--- The data Enclosed Below ---

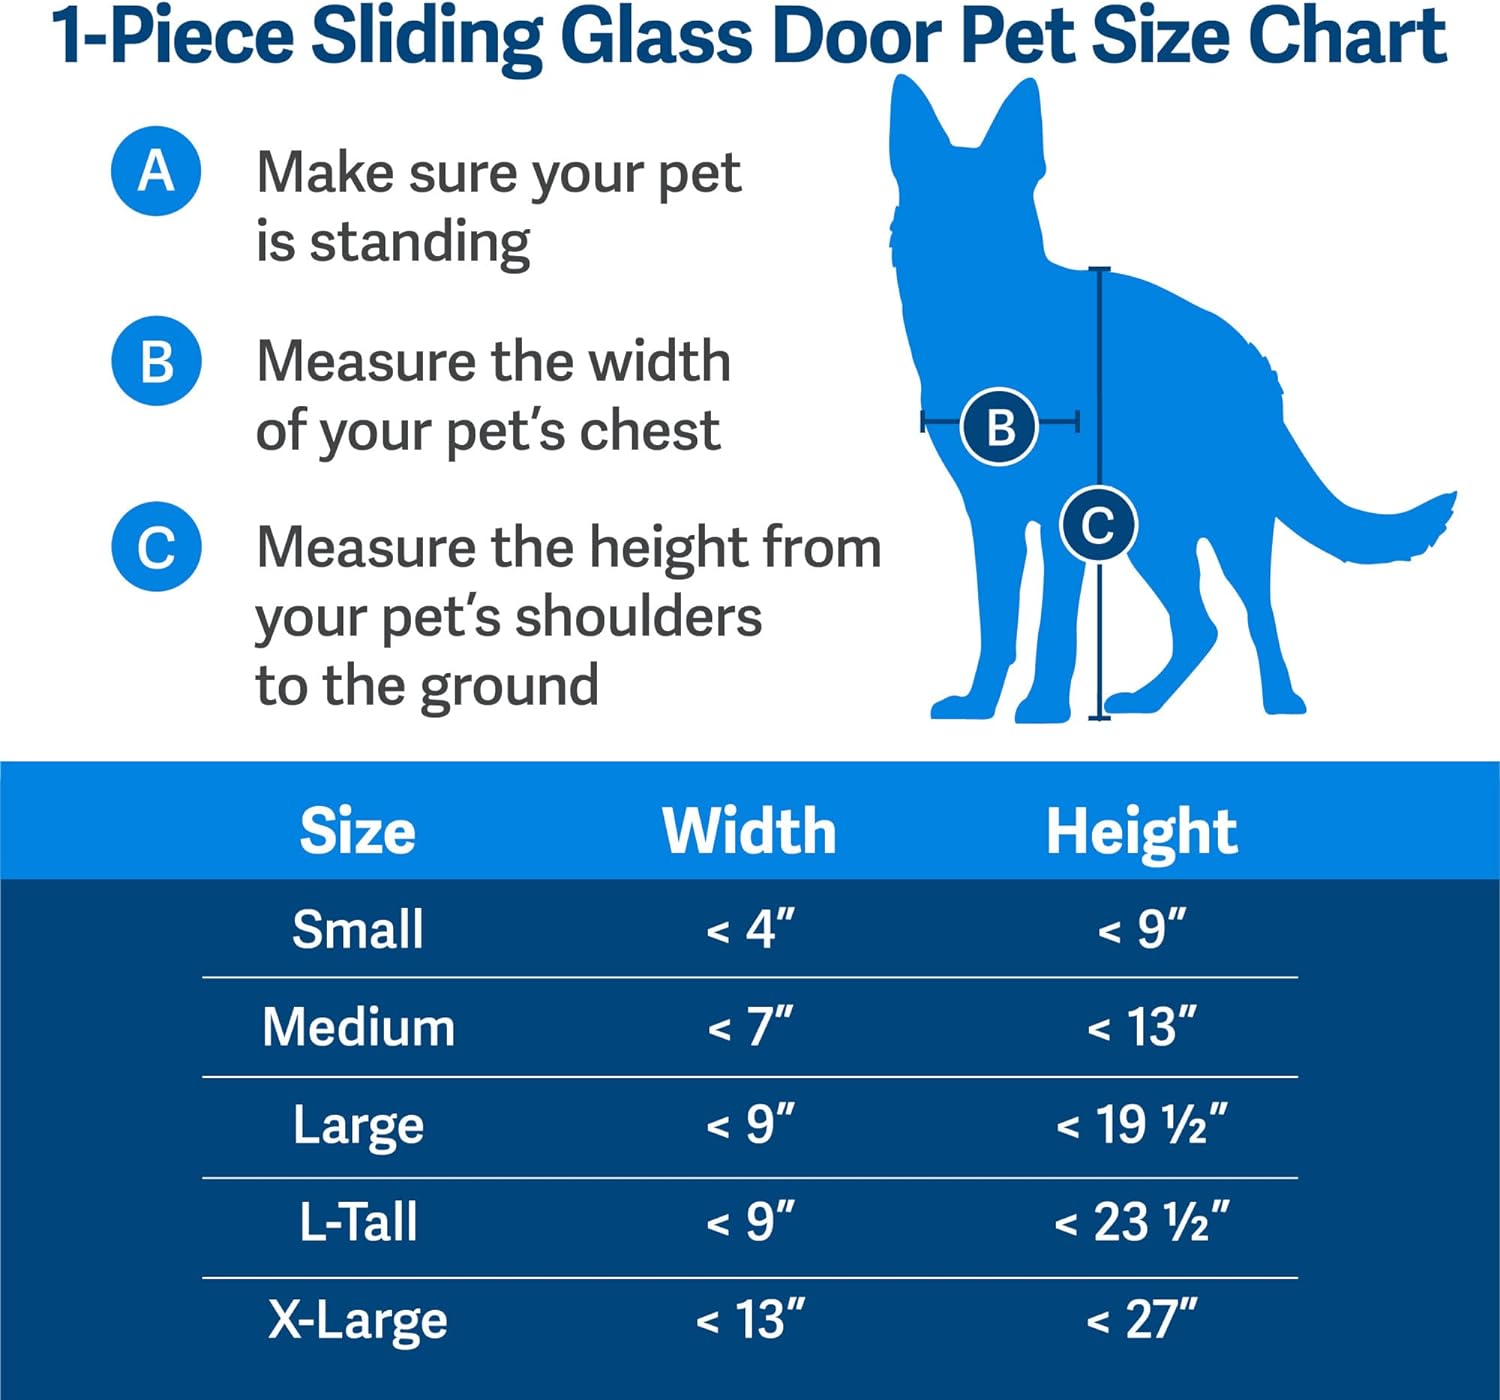 PetSafe 1-Piece Sliding Glass Pet Door for Dogs & Cats -  91 7/16" to 96" - $175
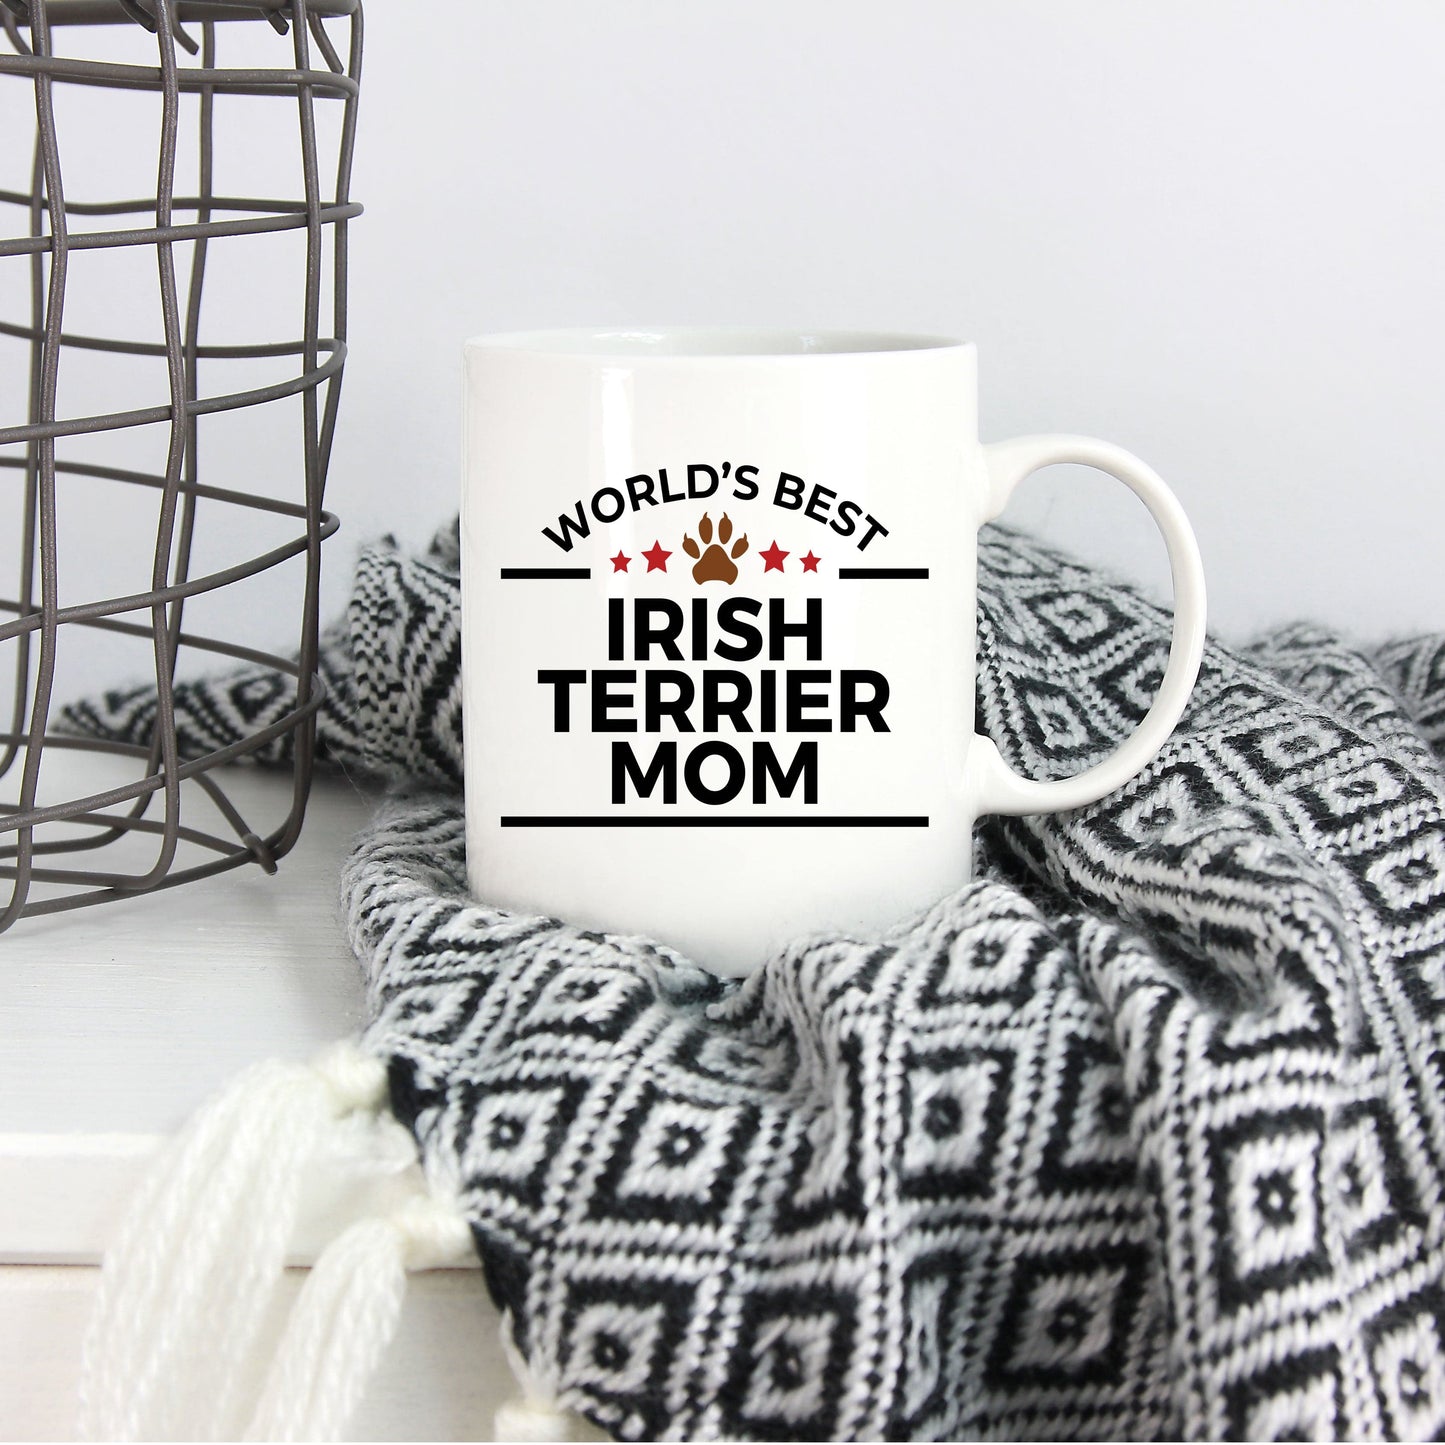 Irish Terrier Dog Lover Gift World's Best Mom Birthday Mother's Day White Ceramic Coffee Mug
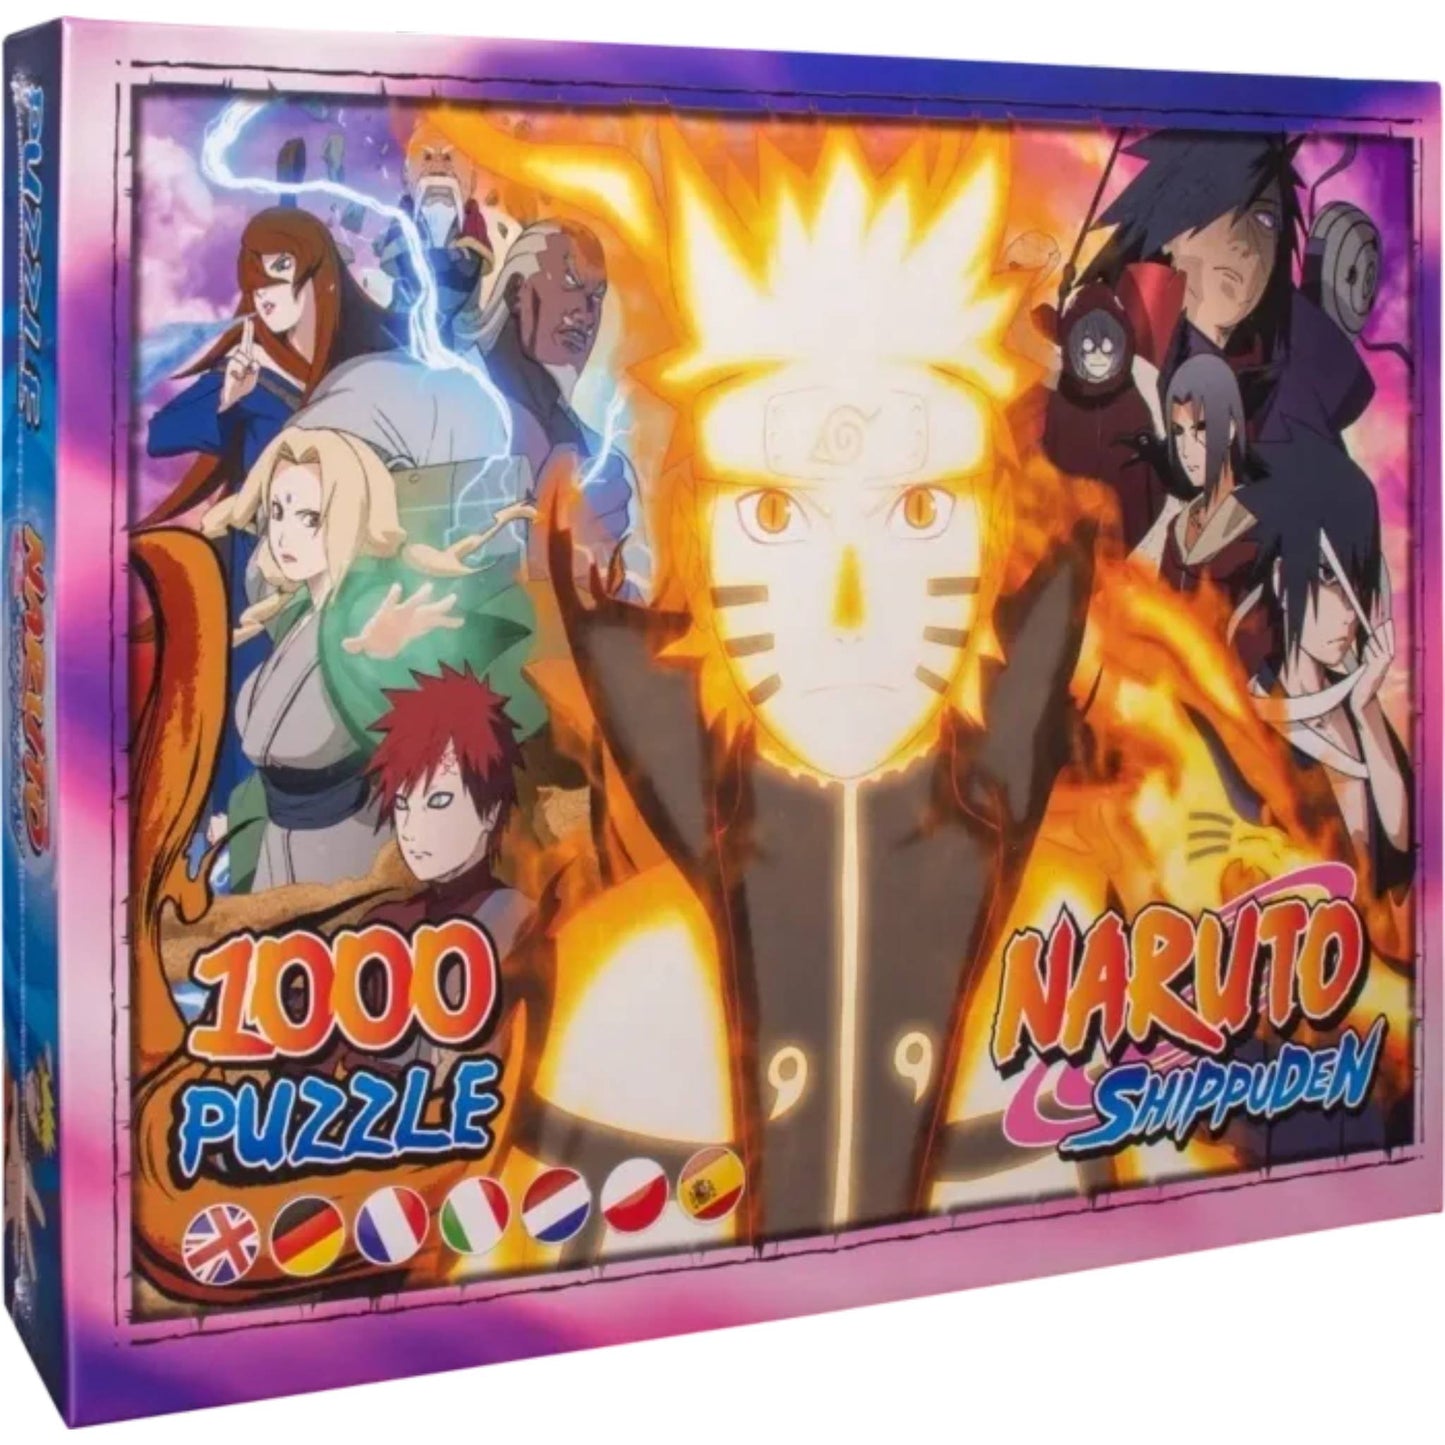 Naruto Shippuden - Naruto Jigsaw Puzzle (1000 Pieces)
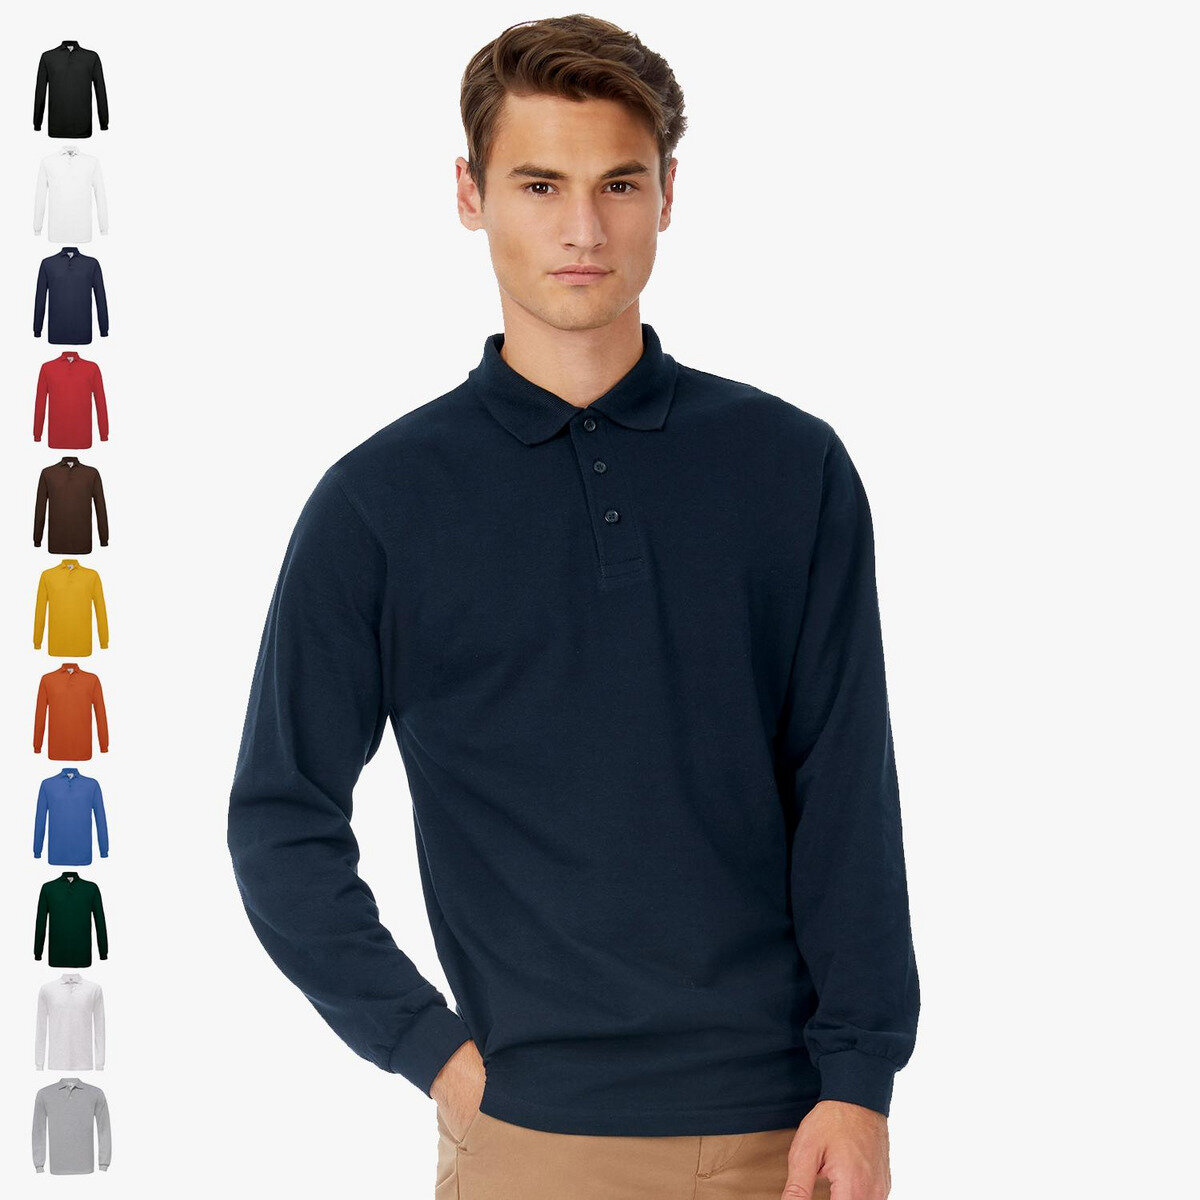 B&C Herren Poloshirt Langarm Longsleeve Polo Shirt Baumwolle S M L XL 2XL

--- End of Enclosed The data ---

Activity: A faithful, word-for-word copy of the data is needed; the pictures should not appear in it.

Answer section:
 PetSafe 1-Piece Sliding Glass Pet Door for Dogs & Cats -  91 7/16" to 96" - $175
 Irish Terrier Dog Lover Gift World's Best Mom Birthday Mother's Day White Ceramic Coffee Mug
 Naruto Shippuden - Naruto Jigsaw Puzzle (1000 Pieces)
 B&C Herren Poloshirt Langarm Longsleeve Polo Shirt Baumwolle S M L XL 2XL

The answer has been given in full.